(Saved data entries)
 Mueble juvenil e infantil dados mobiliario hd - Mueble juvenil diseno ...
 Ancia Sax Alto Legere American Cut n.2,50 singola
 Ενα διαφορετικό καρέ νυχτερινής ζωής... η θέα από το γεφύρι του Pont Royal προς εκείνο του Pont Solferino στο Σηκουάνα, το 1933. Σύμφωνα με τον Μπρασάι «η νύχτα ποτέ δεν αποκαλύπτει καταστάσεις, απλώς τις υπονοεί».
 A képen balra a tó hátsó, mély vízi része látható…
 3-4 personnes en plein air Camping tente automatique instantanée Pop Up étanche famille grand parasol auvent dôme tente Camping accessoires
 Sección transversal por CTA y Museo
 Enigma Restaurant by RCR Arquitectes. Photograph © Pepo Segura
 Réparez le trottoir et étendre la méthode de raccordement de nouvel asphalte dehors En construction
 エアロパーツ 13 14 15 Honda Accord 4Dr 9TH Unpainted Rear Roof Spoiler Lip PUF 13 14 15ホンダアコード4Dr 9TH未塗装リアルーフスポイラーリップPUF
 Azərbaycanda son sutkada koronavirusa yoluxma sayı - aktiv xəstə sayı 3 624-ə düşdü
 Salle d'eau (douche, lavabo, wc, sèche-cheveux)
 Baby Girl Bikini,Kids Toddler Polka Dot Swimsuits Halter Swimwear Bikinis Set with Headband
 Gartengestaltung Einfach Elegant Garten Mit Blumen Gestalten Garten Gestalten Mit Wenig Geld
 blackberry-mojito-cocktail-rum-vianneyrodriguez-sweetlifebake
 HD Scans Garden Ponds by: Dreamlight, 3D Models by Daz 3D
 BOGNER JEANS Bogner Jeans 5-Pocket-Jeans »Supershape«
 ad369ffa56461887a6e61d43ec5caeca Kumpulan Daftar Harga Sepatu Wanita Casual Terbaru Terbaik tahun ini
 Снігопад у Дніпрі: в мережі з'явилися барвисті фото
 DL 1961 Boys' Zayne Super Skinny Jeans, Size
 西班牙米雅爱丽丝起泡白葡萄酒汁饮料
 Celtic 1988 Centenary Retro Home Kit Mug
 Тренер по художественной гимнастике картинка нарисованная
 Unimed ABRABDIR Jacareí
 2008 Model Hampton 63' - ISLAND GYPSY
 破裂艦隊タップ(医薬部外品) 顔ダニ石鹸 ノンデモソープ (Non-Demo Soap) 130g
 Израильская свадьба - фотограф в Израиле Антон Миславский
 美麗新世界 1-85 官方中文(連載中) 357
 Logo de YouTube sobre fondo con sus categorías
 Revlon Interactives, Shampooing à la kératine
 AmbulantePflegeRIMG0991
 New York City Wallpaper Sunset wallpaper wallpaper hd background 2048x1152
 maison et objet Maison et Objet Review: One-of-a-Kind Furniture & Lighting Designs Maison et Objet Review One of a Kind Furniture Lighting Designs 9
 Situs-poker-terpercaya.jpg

▶ [What to produce] Please reproduce every line shown above, exactly as written.

▶ [Solution to this problem]
 Mueble juvenil e infantil dados mobiliario hd - Mueble juvenil diseno ...
 Ancia Sax Alto Legere American Cut n.2,50 singola
 Ενα διαφορετικό καρέ νυχτερινής ζωής... η θέα από το γεφύρι του Pont Royal προς εκείνο του Pont Solferino στο Σηκουάνα, το 1933. Σύμφωνα με τον Μπρασάι «η νύχτα ποτέ δεν αποκαλύπτει καταστάσεις, απλώς τις υπονοεί».
 A képen balra a tó hátsó, mély vízi része látható…
 3-4 personnes en plein air Camping tente automatique instantanée Pop Up étanche famille grand parasol auvent dôme tente Camping accessoires
 Sección transversal por CTA y Museo
 Enigma Restaurant by RCR Arquitectes. Photograph © Pepo Segura
 Réparez le trottoir et étendre la méthode de raccordement de nouvel asphalte dehors En construction
 エアロパーツ 13 14 15 Honda Accord 4Dr 9TH Unpainted Rear Roof Spoiler Lip PUF 13 14 15ホンダアコード4Dr 9TH未塗装リアルーフスポイラーリップPUF
 Azərbaycanda son sutkada koronavirusa yoluxma sayı - aktiv xəstə sayı 3 624-ə düşdü
 Salle d'eau (douche, lavabo, wc, sèche-cheveux)
 Baby Girl Bikini,Kids Toddler Polka Dot Swimsuits Halter Swimwear Bikinis Set with Headband
 Gartengestaltung Einfach Elegant Garten Mit Blumen Gestalten Garten Gestalten Mit Wenig Geld
 blackberry-mojito-cocktail-rum-vianneyrodriguez-sweetlifebake
 HD Scans Garden Ponds by: Dreamlight, 3D Models by Daz 3D
 BOGNER JEANS Bogner Jeans 5-Pocket-Jeans »Supershape«
 ad369ffa56461887a6e61d43ec5caeca Kumpulan Daftar Harga Sepatu Wanita Casual Terbaru Terbaik tahun ini
 Снігопад у Дніпрі: в мережі з'явилися барвисті фото
 DL 1961 Boys' Zayne Super Skinny Jeans, Size
 西班牙米雅爱丽丝起泡白葡萄酒汁饮料
 Celtic 1988 Centenary Retro Home Kit Mug
 Тренер по художественной гимнастике картинка нарисованная
 Unimed ABRABDIR Jacareí
 2008 Model Hampton 63' - ISLAND GYPSY
 破裂艦隊タップ(医薬部外品) 顔ダニ石鹸 ノンデモソープ (Non-Demo Soap) 130g
 Израильская свадьба - фотограф в Израиле Антон Миславский
 美麗新世界 1-85 官方中文(連載中) 357
 Logo de YouTube sobre fondo con sus categorías
 Revlon Interactives, Shampooing à la kératine
 AmbulantePflegeRIMG0991
 New York City Wallpaper Sunset wallpaper wallpaper hd background 2048x1152
 maison et objet Maison et Objet Review: One-of-a-Kind Furniture & Lighting Designs Maison et Objet Review One of a Kind Furniture Lighting Designs 9
 Situs-poker-terpercaya.jpg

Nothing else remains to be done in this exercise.